### Activity:
Would you transcribe the listing that follows, character for character, and omit its images?

##### Collected data

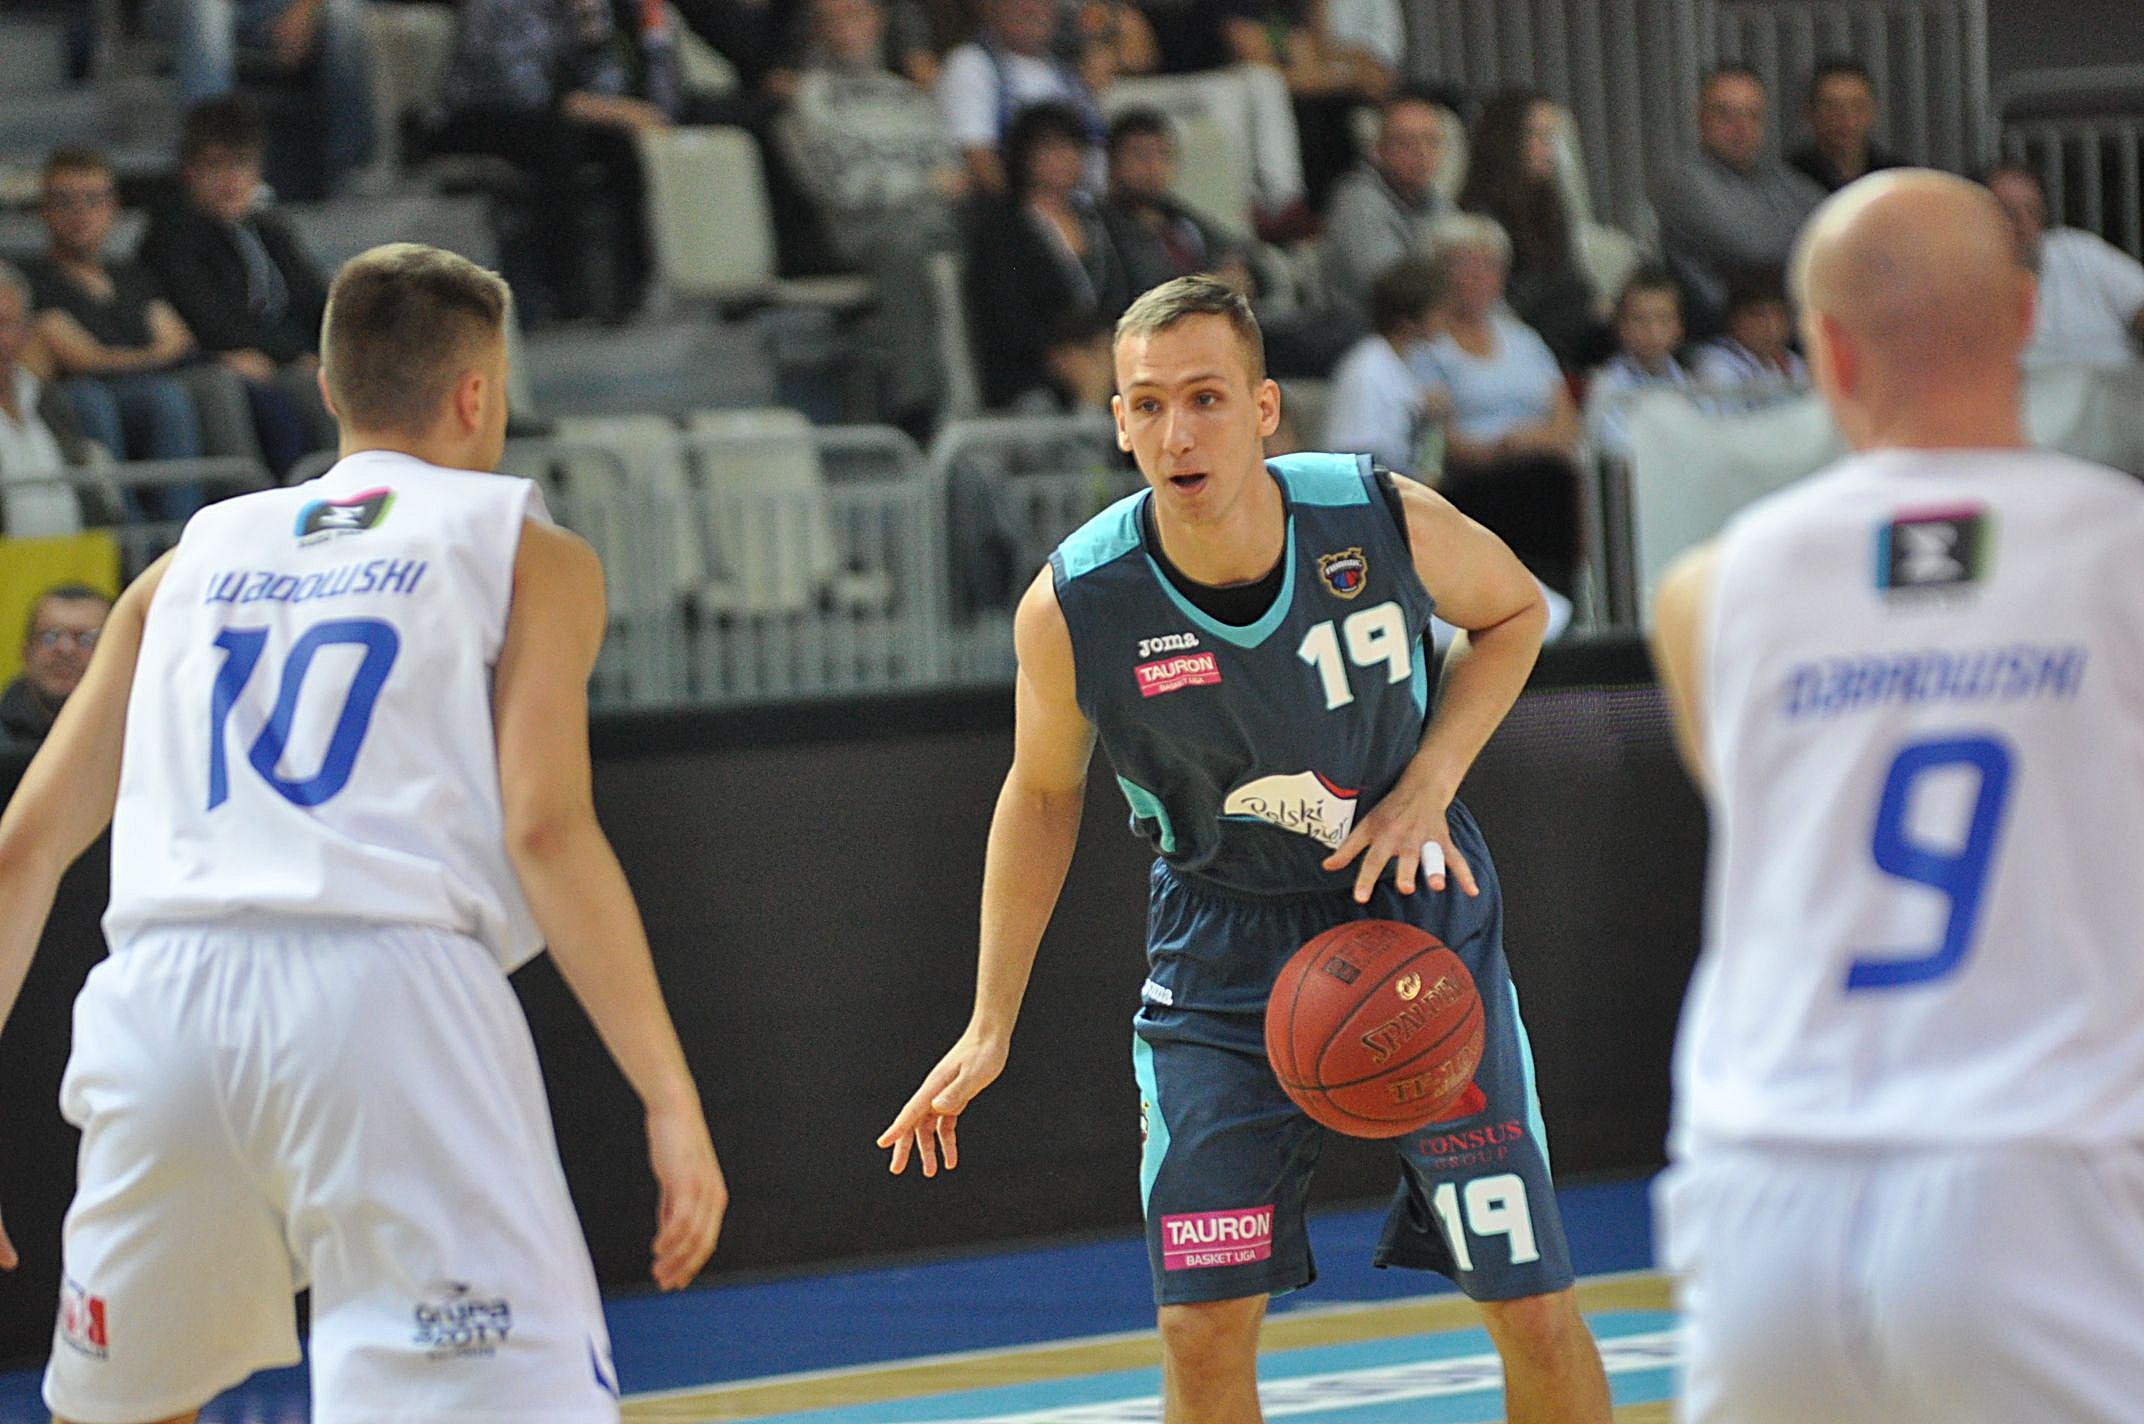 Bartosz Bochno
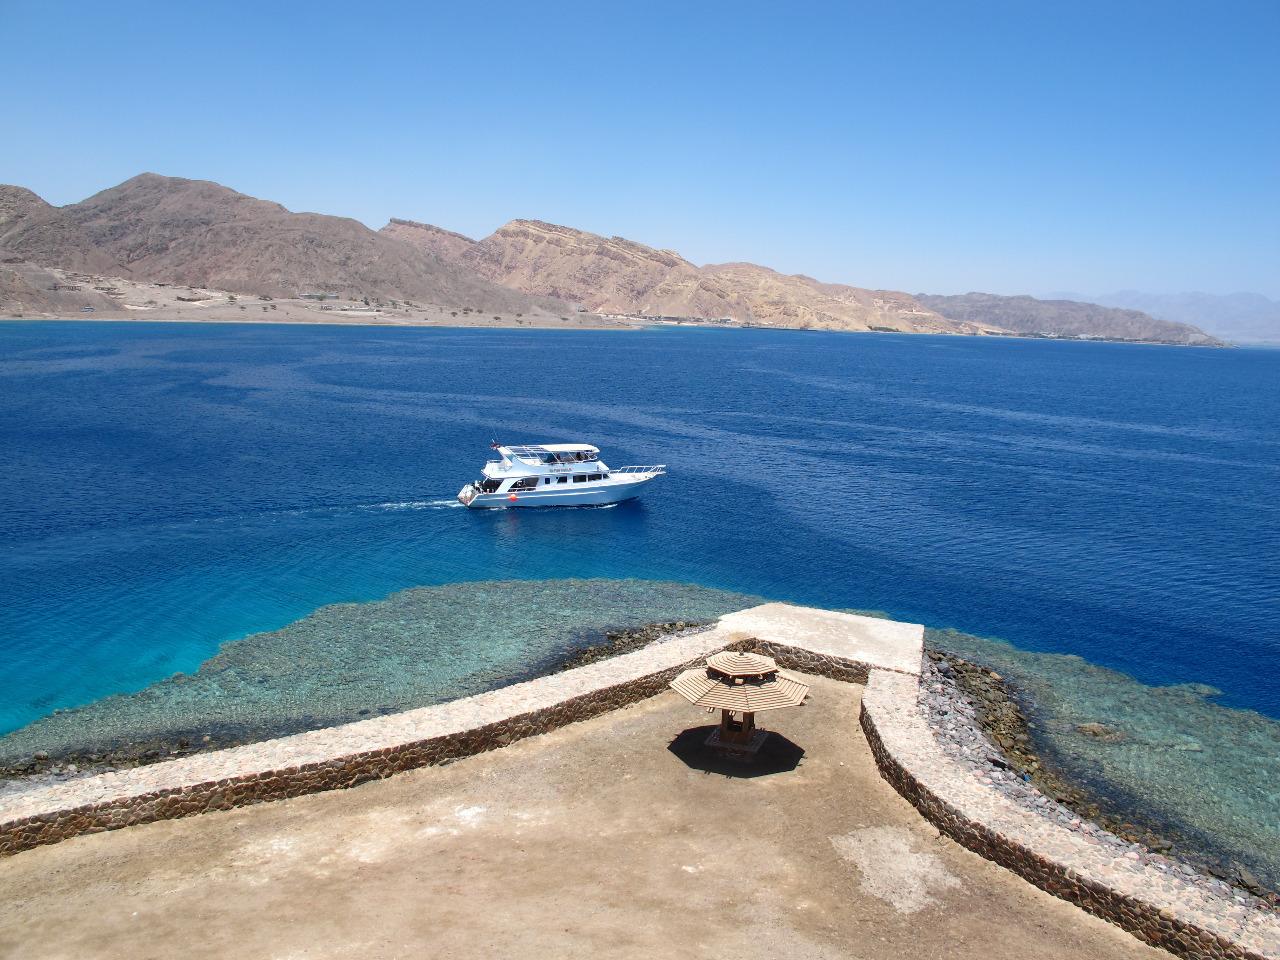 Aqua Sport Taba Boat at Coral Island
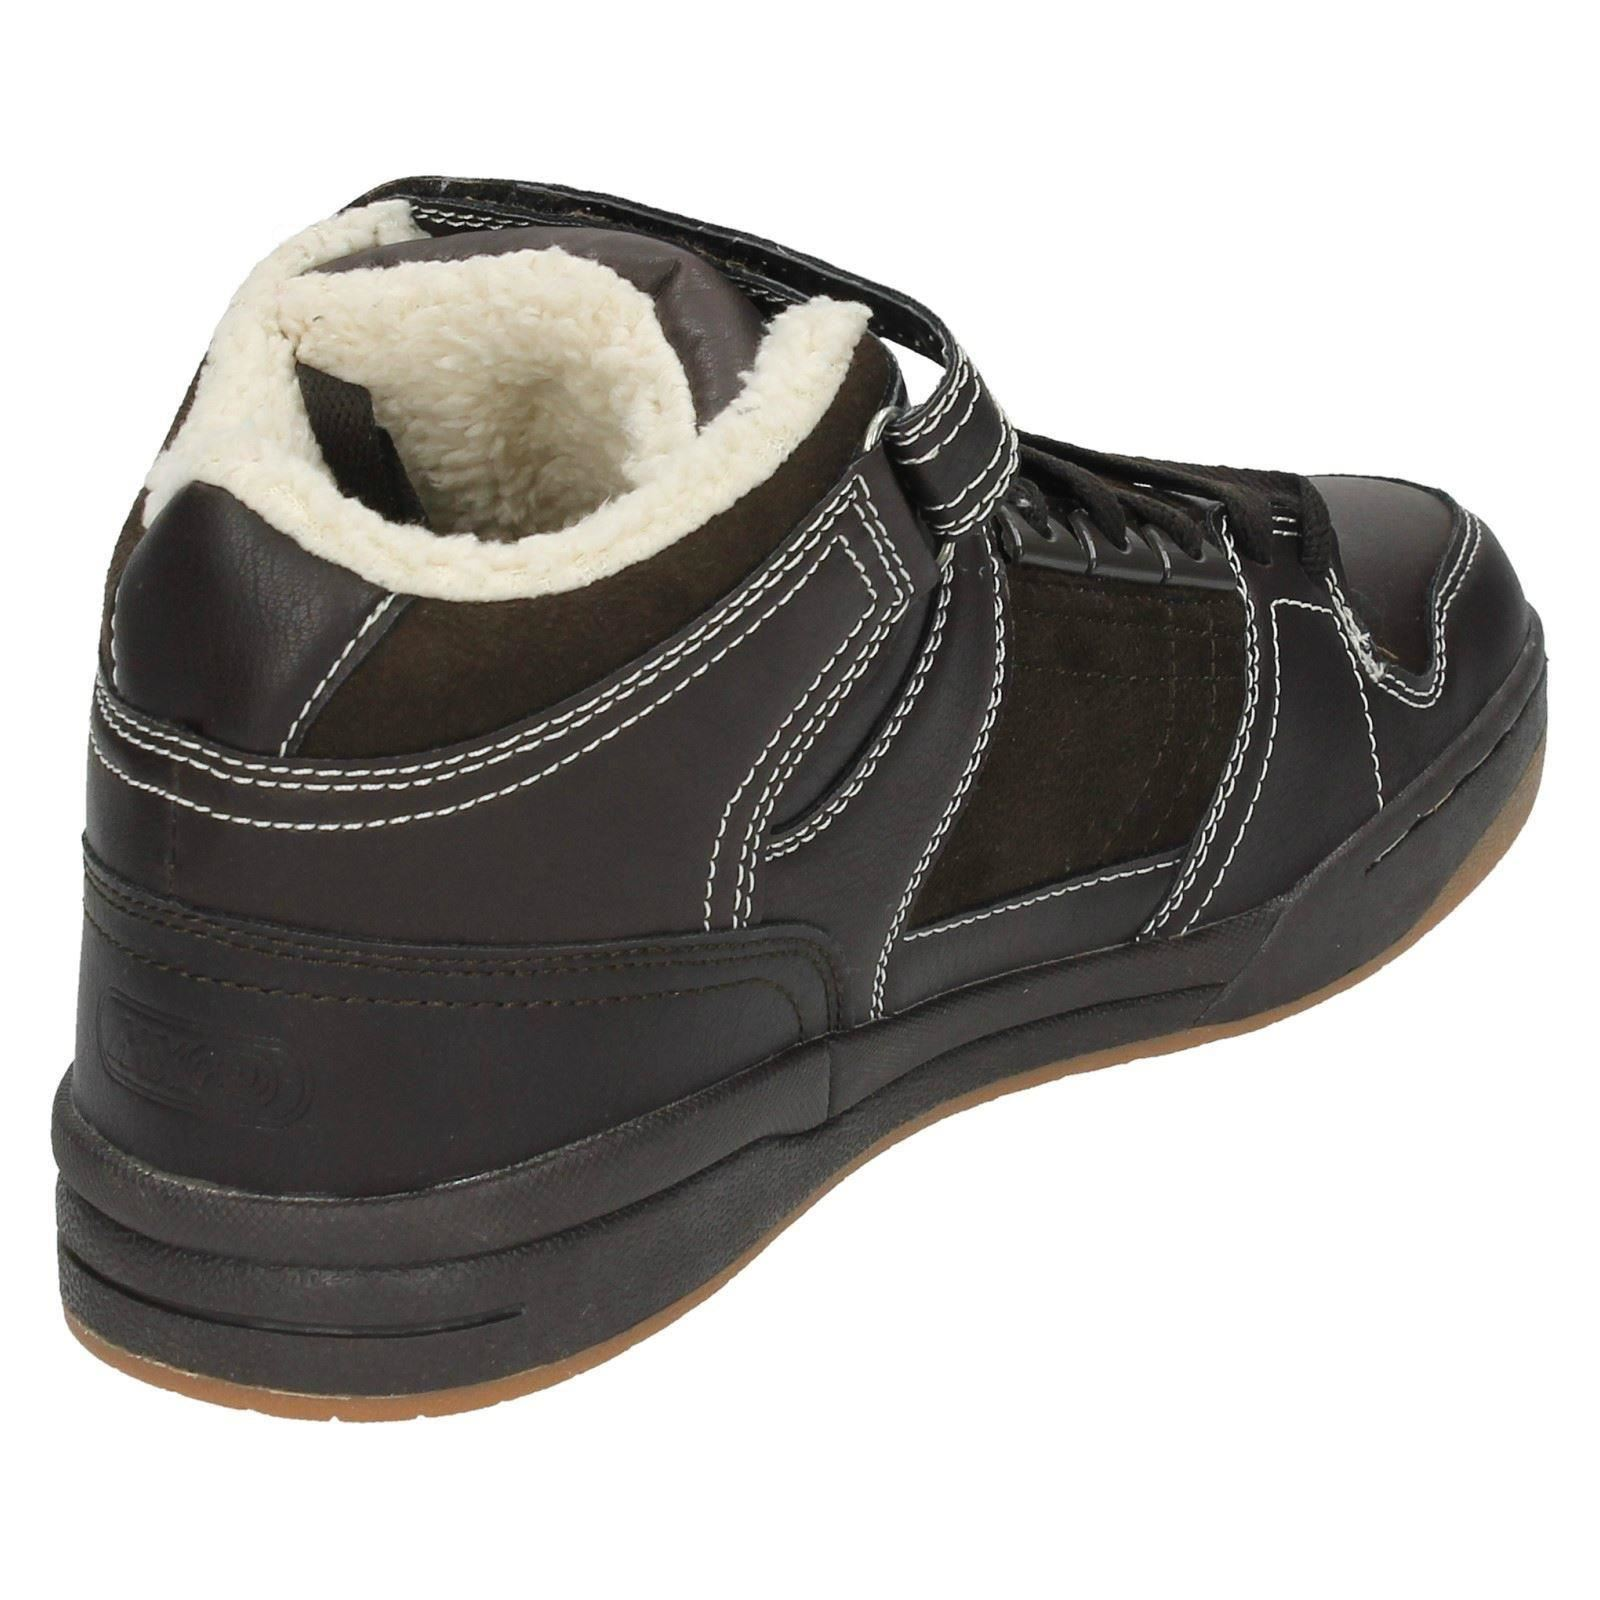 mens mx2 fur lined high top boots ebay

##########

### The answer:
 Bartosz Bochno
 Aqua Sport Taba Boat at Coral Island
 mens mx2 fur lined high top boots ebay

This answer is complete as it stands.